This is the core tradeoff:
- **Exact attention**: Any token can precisely query any past token. Great for tasks needing exact retrieval (e.g., "what was the user's name 2,000 tokens ago?")
- **Linear attention**: All past information is *blended* into a fixed-size summary. Retrieval is approximate. Sharp attention patterns are smoothed over.
The research paper "Zoology" (2023) showed that **associative recall** — the ability to retrieve a specific key-value pair from context — is where linear methods most consistently fail vs. full attention. See also [[zoology-associative-recall]] for the full analysis.
---
## 6. Why O(N²) Persists: The Fundamental Limit
Even with FlashAttention making hardware more efficient, the underlying O(N²) computation remains. Here's why it's genuinely unavoidable in standard attention:
**Step 1**: For each of N tokens, compute how much it should attend to each of the N other tokens → N² dot products.
**Step 2**: Apply softmax → N² values.
**Step 3**: Weight-sum the V matrix → N² multiplications.
You can make each step faster (FlashAttention does), but you can't eliminate the steps without changing the mathematical model.
> [!important] The Scaling Problem in Practice
> - At N=512: ~260K attention pairs → fast
> - At N=4,096: ~16M attention pairs → manageable
> - At N=32,768: ~1B attention pairs → slow
> - At N=131,072 (GPT-4 context): ~17B attention pairs → requires FlashAttention + special hardware
This is why models with very long context windows (Claude 200K, Gemini 1M) require enormous GPU resources, even with FlashAttention. The O(N²) wall is real.

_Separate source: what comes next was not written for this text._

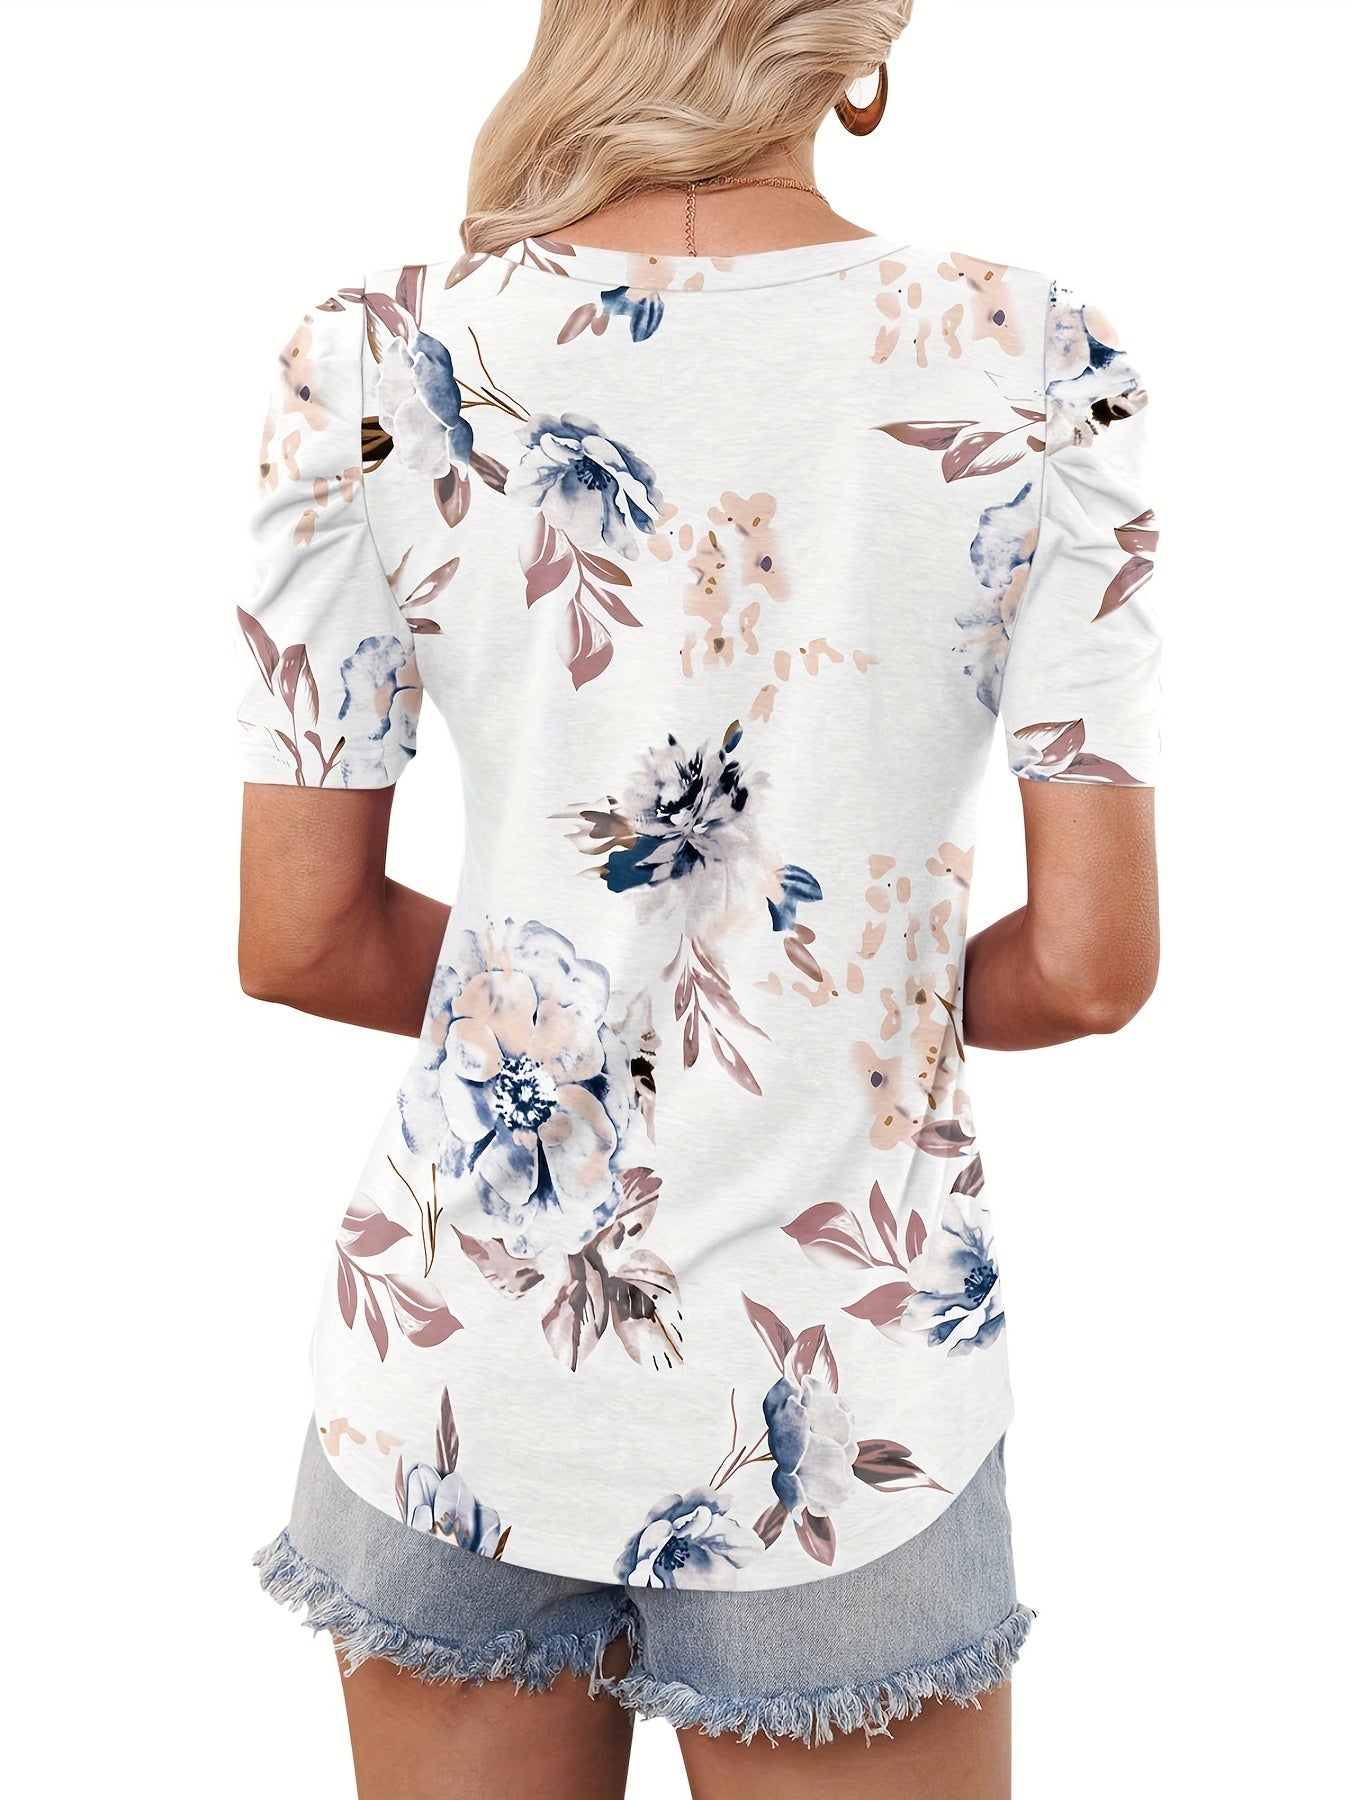 Vzyzv Vintage Floral Print T-Shirt, Random Print V Neck Short Sleeve Casual Top For Summer & Spring, Women's Clothing

**SSMs and linear recurrent models solve this differently**: rather than attending to all past tokens, they compress past information into a fixed-size **state vector** that's updated step-by-step. Inference cost is O(1) per token regardless of context length. The cost: you must decide what to remember and what to forget.
See [[computational-complexity]] for a deeper treatment of O() analysis.
---
## 7. RWKV Architecture: The Transformer That Thinks Like an RNN
### What Does RWKV Stand For?
**R**eceptance, **W**eighted, **K**ey, **V**alue — the four components of RWKV's attention-like mechanism. Pronounced "RWaKuV."
Created by Bo Peng and the RWKV open-source community; joined the Linux Foundation in 2023. Scaled to 14B parameters — the largest dense RNN ever trained.[^8]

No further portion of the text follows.